February 24, 2006

  • Internet Island Topic Post 7.02: My Sets of Wheels

     Internet Island Topic Post # 7.02: My Sets of Wheels:

    "Create a blog article or entry about automobiles, motorcycles, RV's or go carts in your lives." 

    cars08

    "The cars and the busses go rolling along," I used to sing, loudly, at about age 5 or 6, probably "driving" my parents crazy. "The cars and the busses."
    I loved transportation and vehicles as a kid. I guess most guys do. The first family car I remember was a 1947 Chevrolet Coupe. I rode in the cramped back seat on the way to Califronia from Idaho when I was 4. The car was coal black, sort of used looking, because by 1957 it had seen some use. By 1960 my dad, who had sold Chevys in Idaho before we moved, upgraded to a station wagon. A turquoise and white 1955 Chevy station wagon, probably one of the most beautiful station wagons ever manufactured. My memories of the 47 coupe are hazy, but the blistering turquoise Chevy Bel Air Wagon shines bright in my memory even today.cars01

    I remember when it was "new", even though it was a five year old used car. There were four doors, and enough room for both my parents and us three growing kids.

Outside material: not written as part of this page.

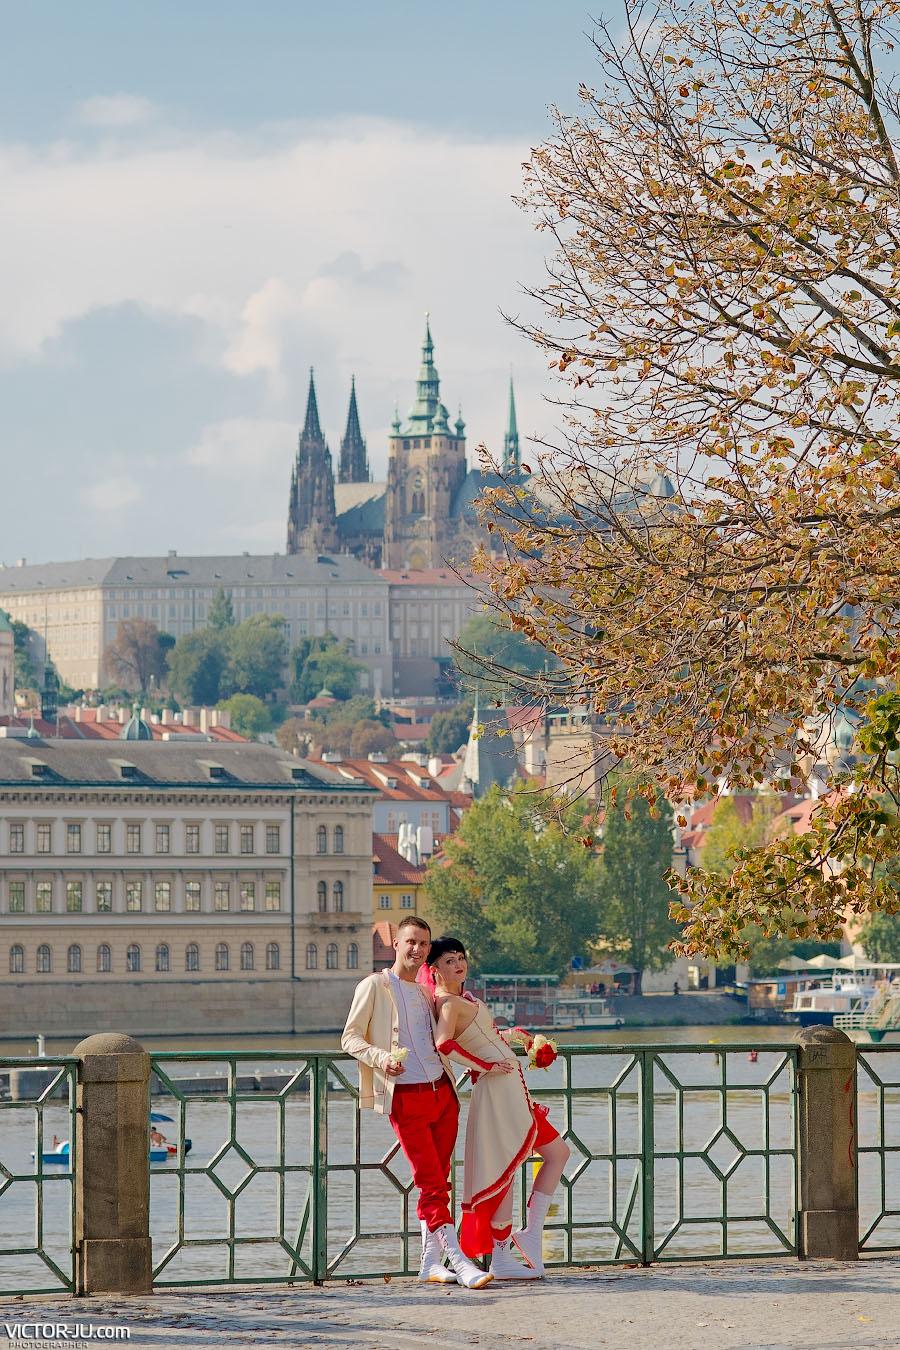 Фото на фоне Пражского града и реки Влтава в Праге

There was me, my sister, and my brother, all 19 months apart, with me being the eldest. I remember Dad driving this car to his place of employment, Joe Lowe industries, where they made the popsicle line of ice cream treats, in downtown Los Angeles. Sometimes my brother and I would ride in the back on the floor while barrelling down the L.A. freeways. This was a good car, all steel, cloth, and rubber. When we moved to El Monte in 1960, to our similarly new house, my dad drove the Wagon. When we went to the drive in, we watched the movie through the windshield of the 55 Chevy with the shiny speaker positioned over the right hand window. But as we kids passed into adolescence, my parents needed an even larger car, and by 1964, Dad was off to the car lot again, and he chose this time to purchase a 1960 Chevy Brookwood Station Wagon. This was one of the largest cars on the road. I can still remember Dad buying the car. The car lot was in Anaheim, in Orange County, and doesn't exist any more. It was a large lot, with lots of cars. My brother and I wandered among what seemed like thousands of full size cars, just like all the small plastic models I had in my toybox at home. Only bigger.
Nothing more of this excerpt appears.